Researchers have found that cash incentives from governments are able to alter community behavior, and Mexico has already seen an improvement in pediatric care due to such a program. Other examples of such programs across the world include an increase in HIV testing in Malawi after an incentive was offered, as well as a reduction in the number of sexually transmitted diseases in Tanzania after a similar program was instituted.

Because of this, researchers have looked into the possibility of reducing the high-risk activities of male sex workers in Mexico, as well as the practices of homosexual men in the country, and while the research revealed that few would be willing to make lifestyle changes, the majority have a set price for which they would be willing to improve the safety of their practices.

The idea is that slowing the spread of HIV saves the nation both lives and money, thus the cost of such incentives is more than offset by the benefits of such a program. It is better for the government to spend money on stopping the spread of disease in the first place than on treating those who are contracting it but can’t afford treatment.
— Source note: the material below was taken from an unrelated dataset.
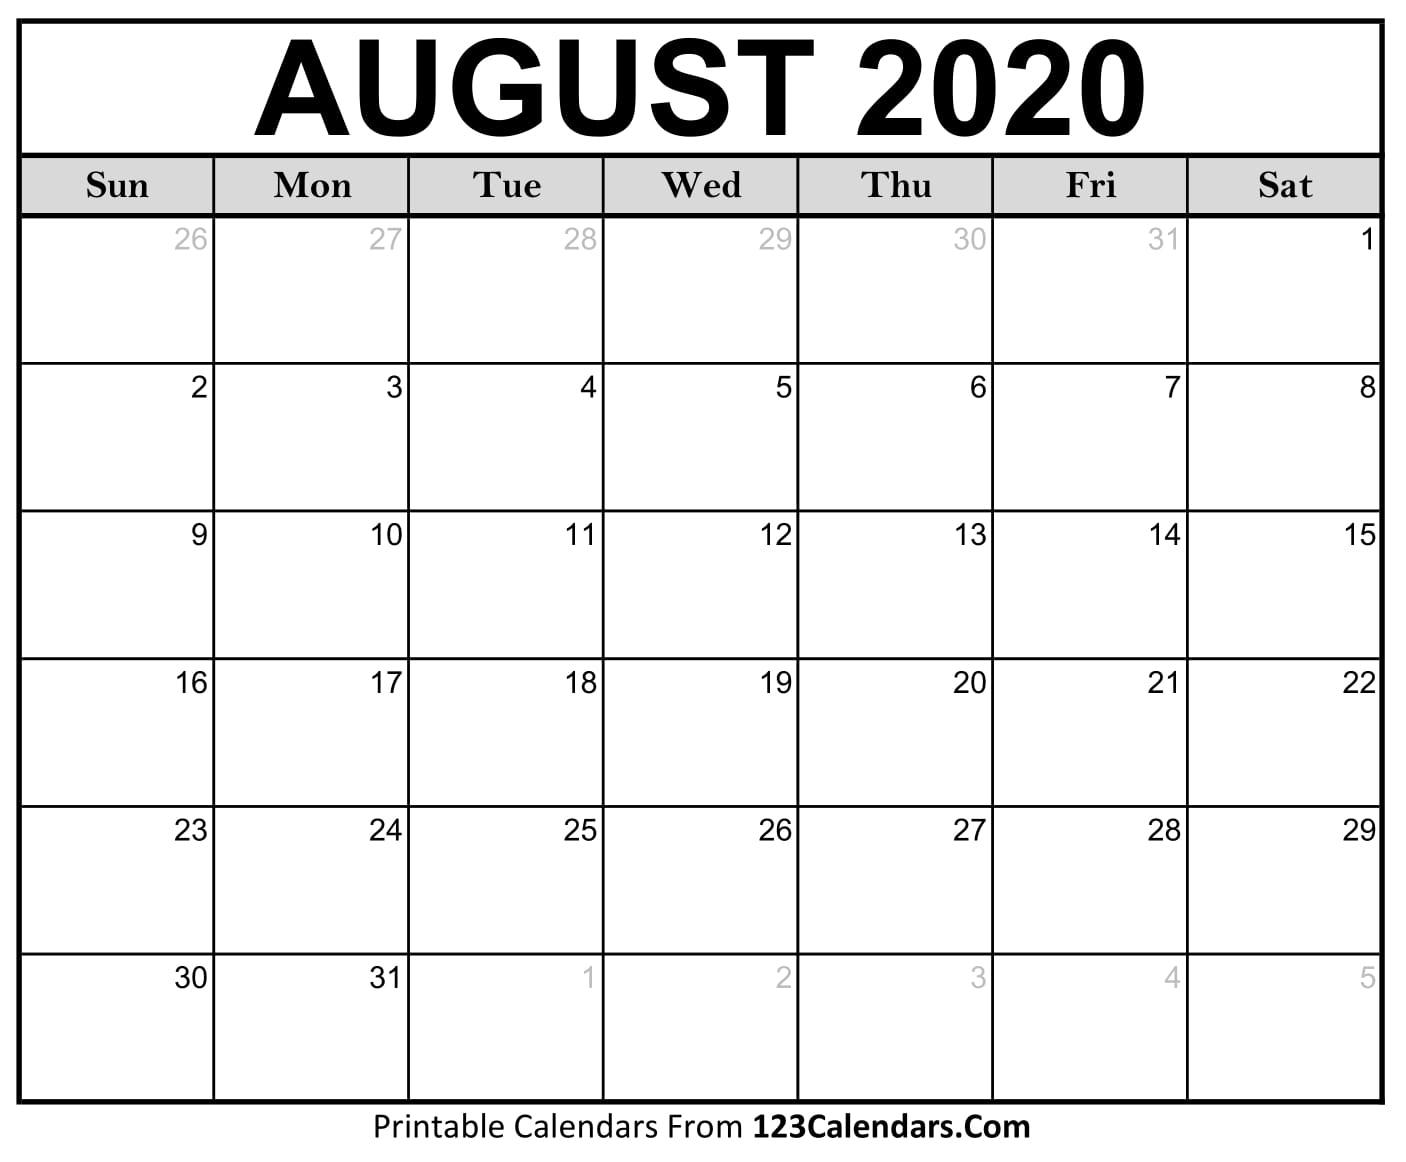 August 2020 Printable Calendar | 123Calendars

About a quarter of the men in these high-risk categories (sex workers and homosexuals) have HIV, and treatment costs the government $1,000s per year for each individual – so how much would prevention incentives cost?
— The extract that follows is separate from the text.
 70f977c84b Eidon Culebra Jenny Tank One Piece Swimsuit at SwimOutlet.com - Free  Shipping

Of the nearly 2,000 gay men interviewed, over 75% said they would attend talks about prevention on a monthly basis, get tested frequently for sexually transmitted diseases, and vow to stay free of sexually transmitted diseases for a kickback of just $288 per year, and men who worked in the sex industry agreed to the same thing for only $156 per year – this represents an immense savings over treatment costs, not to mention the many lives the program could potentially save.